I have sifted through several links 1, 2, 3, and 4 to name a few, but I can't seem to get this just right for my specific problem.
Problem
I have the following data frame:
df <- read.csv("crime_data", header=TRUE)
head(df)
I applied K-means on the data, and added an extra column cluster, so now I wanted to sort them into the top 50 cities with highest population and top50 cities with lowest population, which gave me the following:
df_sorted_asc <- df[with(df, order(population, city)), ]
head(df_sorted_asc)
which worked great ... Now I have my cities sorted in ascending order, but here is where I get into some trouble, the years are numbered from 1 to 35, but not every city has all 35, some go from 21-35, some from 2-10, it varies widely, but the domain is definitely 1-35 for all cities. I ultimately want a dataframe with the rows as top50 smallest unique cities then the top50 largest unique cities next (100 total observations) and over the columns I want the years from 1:35 with the cluster it was assigned (the new column we added from kmeans). This is as far as I've gotten, and I am totally stumped.
f <- function(listOfCities, df){
# Returns a list of sorted years and clusters for each year of each city
yearsVect <- NULL
clusterVect <- NULL
for(i in 1:length(listOfCities)){
obs <- df[which(df$city == listOfCities[i]),c("year","cluster")]
obs <- obs[with(obs, order(year,cluster)), ]
print(obs)
}
}
f(top50largest, df_sorted_asc)
which outputs the a ton of data.frame object each of the following shape, WHICH IS PRETTY CLOSE TO WHAT I WANT:
I am not sure how to melt them all together over years (filling in missing NA's where the year is missing) and the cluster assignment after. So my hope was the dataframe to look like this (with some of those row values as NA if the year wasn't there:
Concise Example with data
The example data here if you click "test.csv"

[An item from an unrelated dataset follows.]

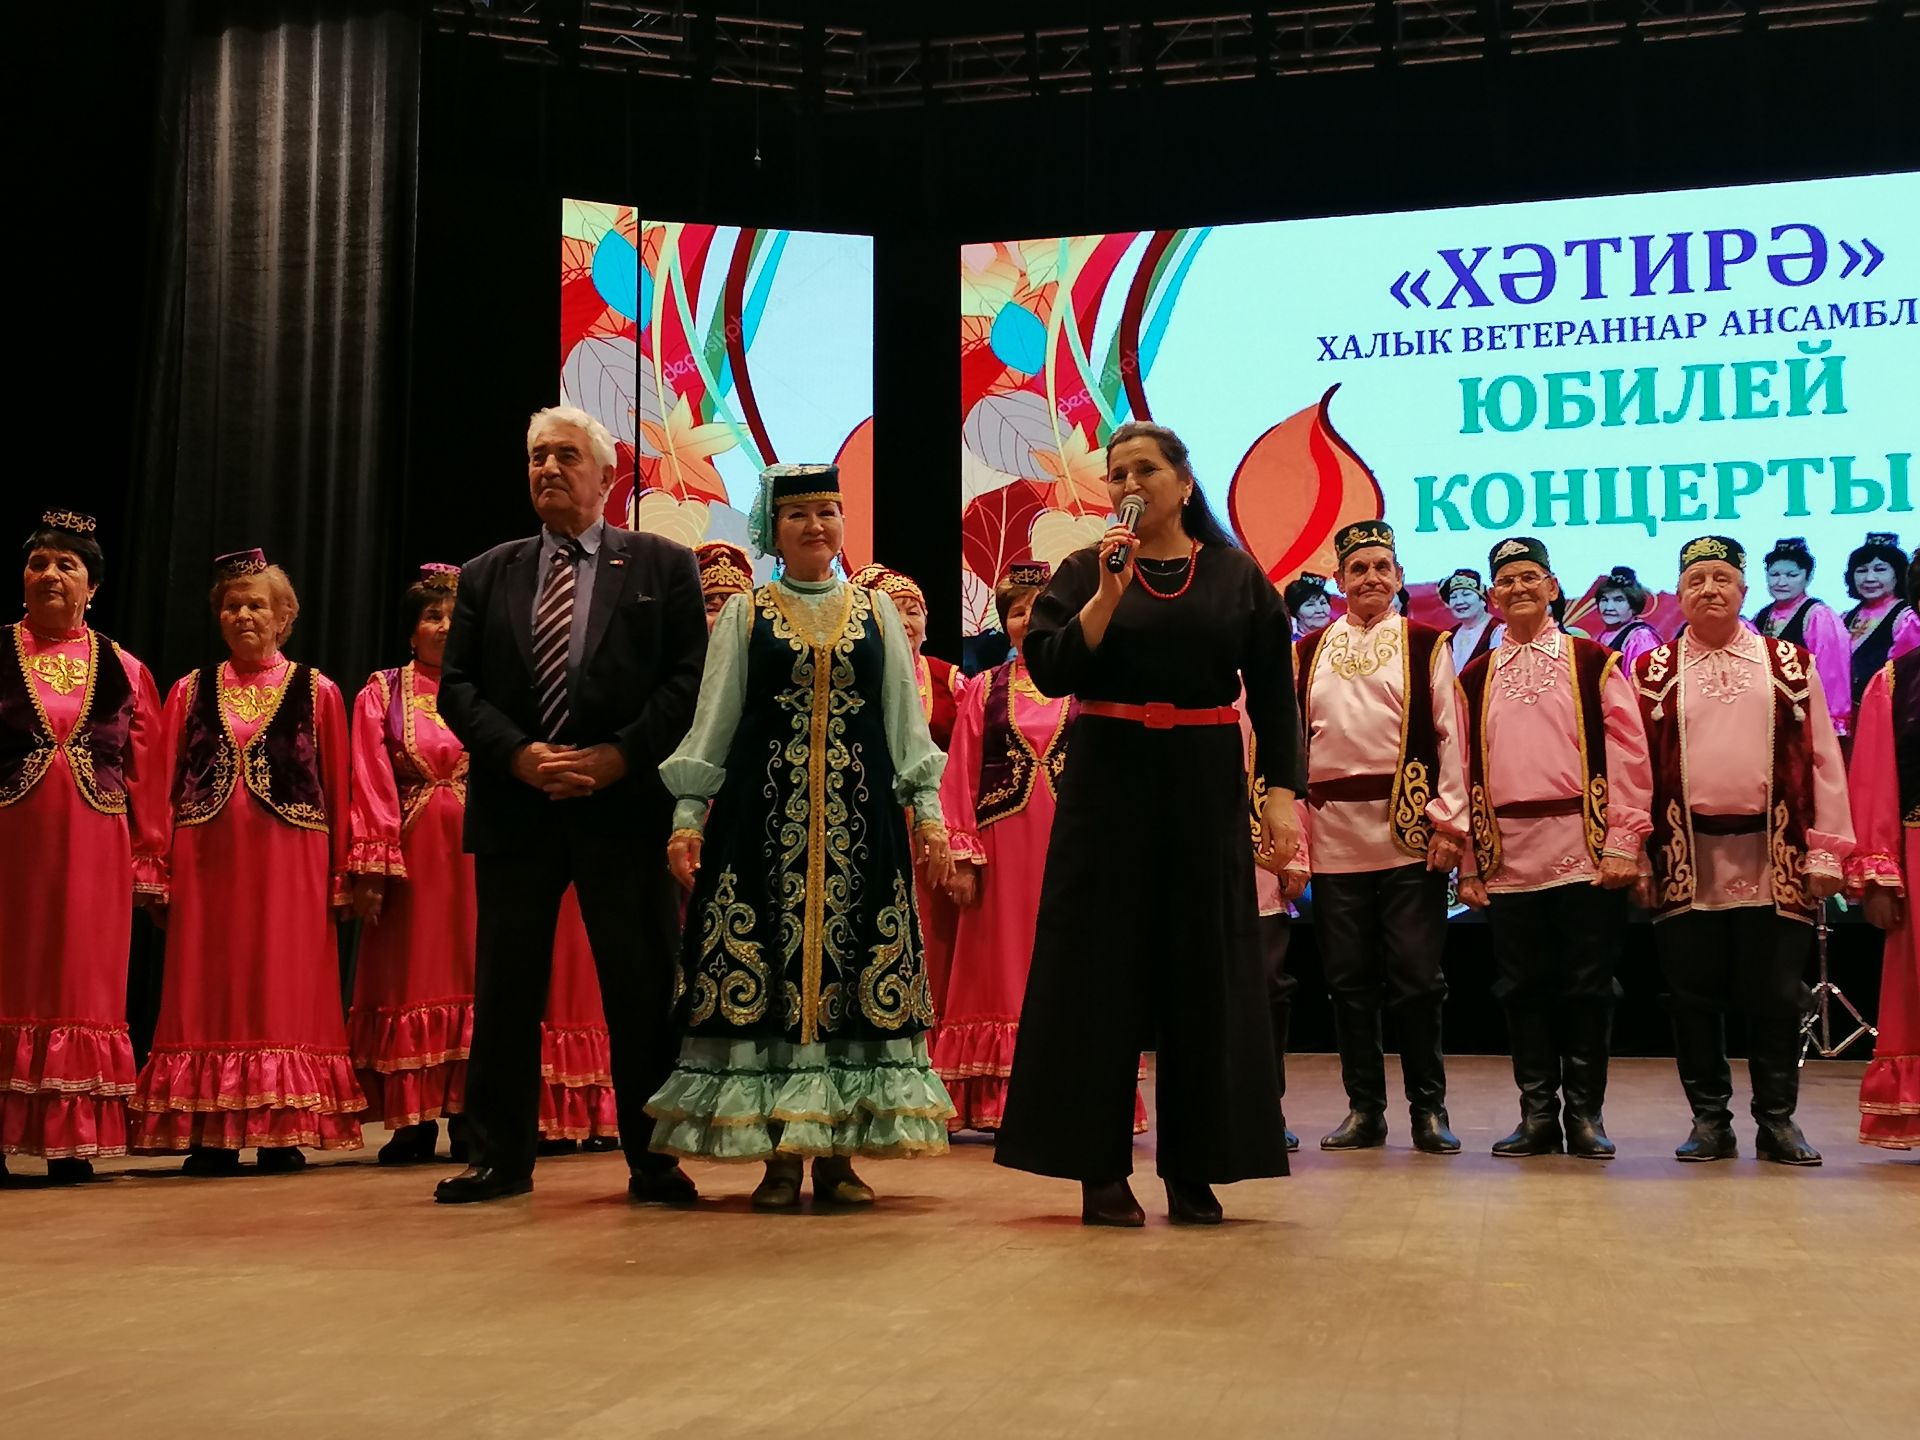 Азнакаевский народный ансамбль ветеранов “Хатира” отметил юбилей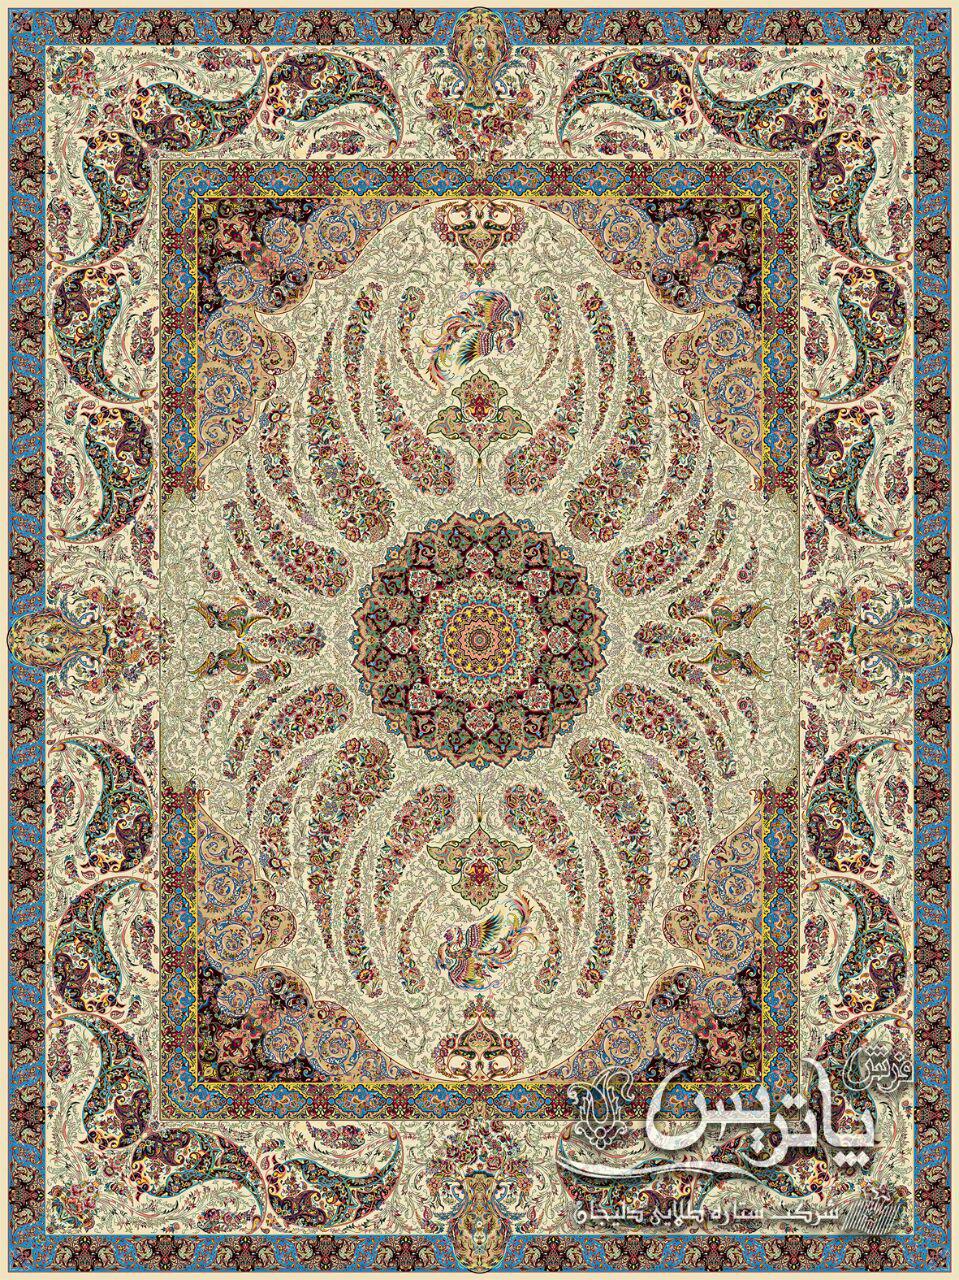 سیمرغ کرم/دنیای فرش/فرش ایرانی/فرش ماشینی/donyayfarsh

df<-read.csv("test.csv",header=TRUE)
head(df)
city state year cluster
257080 TAVISTOCK 29 31 2
267183 TAVISTOCK 29 32 3
277426 TAVISTOCK 29 33 3
287573 TAVISTOCK 29 34 2
297649 TAVISTOCK 29 35 2
252894 LAKESIDE 5 31 3
262987 LAKESIDE 5 32 5
273201 LAKESIDE 5 33 5
...
I want to find a way to make this array have unique cities as the row names, then the columns are years (from 1:35) filled by the cluster, and if the year is missing simply filled with an NA.